One day just like any other day, with sunlight in the sky and clouds drifting by, I walked in a store from counter to counter.
When all at once a feeling was felt, my awareness was busting and my heart was aching and I paused for a moment to gather myself.
I looked all around and saw children and mothers, fathers and daughters and souls abound. A deafening feeling consumed my thoughts though my body did not utter a sound.
Forever and ever, an eternity of thanks, I looked up to God. I knew truth and the path ahead, I feared not life nor the day I was dead.
Then gone gone, an instant ago. It passed and passed and I was alone. Strangers abound, strangers about. I searched for that feeling but it was surely gone.
And it reminded me of youth, not so long ago, when I held the same mind and caged the same heart. Yet somewhere since, something had changed, for those feelings came so few and far between.
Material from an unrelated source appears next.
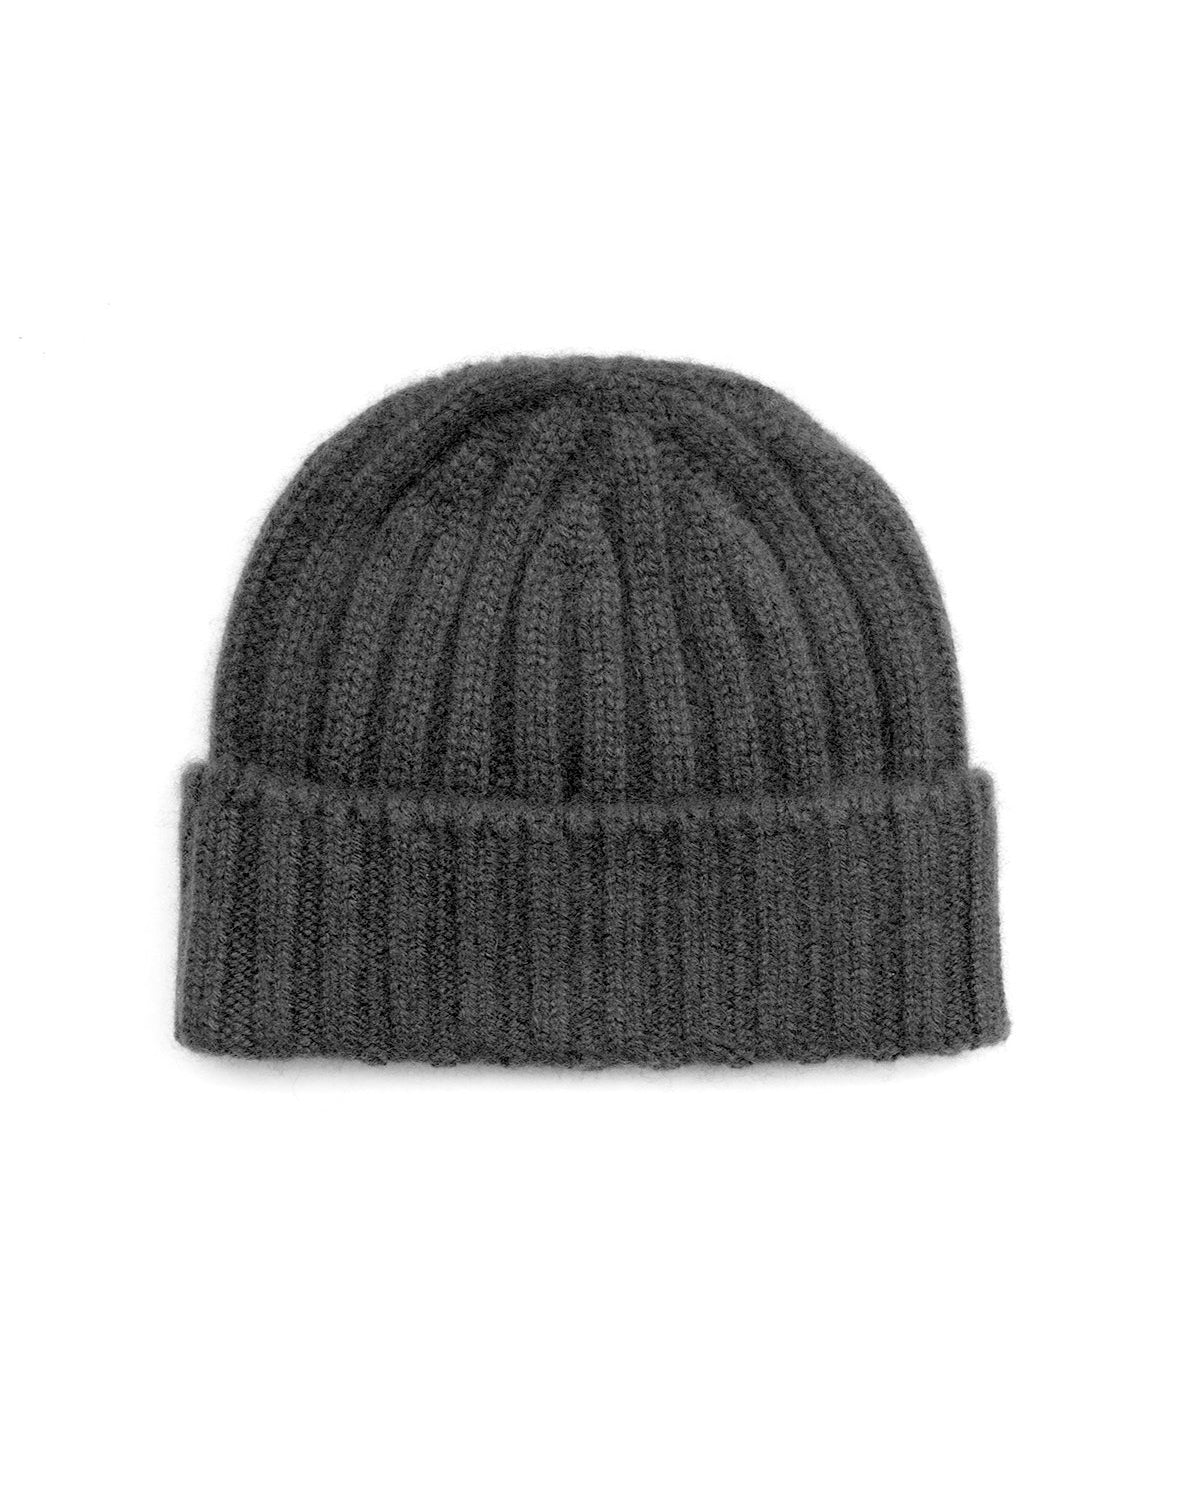 Knit Cap in Cashmere 2x2 Rib - Gray

Memories of badness, memories of drought. Anger in my heart and malice in my eyes. There was a debt to pay, that was for sure. But the debt was pain, which held no allure.
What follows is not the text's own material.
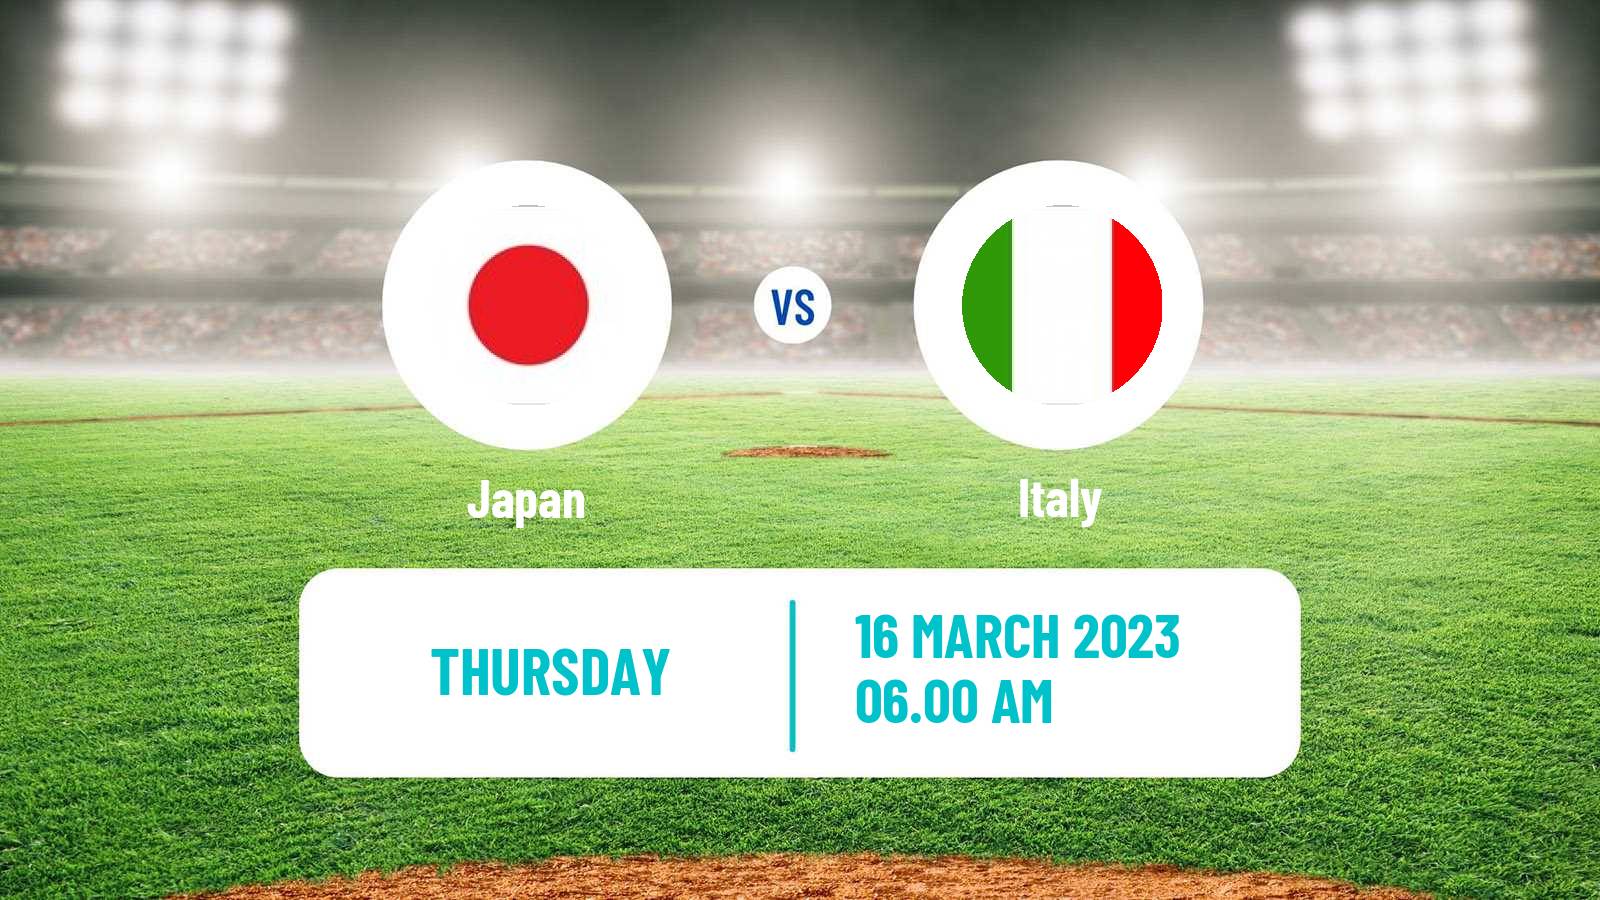 Baseball World Baseball Classic Japan - Italy

Euphoric times, with musical chimes, ringing ringing ringing through my soul, with tears in my eyes and energetic cries.
What do I speak of but an intellectual idea, for I empathize not with any of these fictions. But real they are, or were at a time.
Not happy then, nor free or rich, but with something different I seemingly miss. An abstract idea about which I mope, which I now describe only as hope.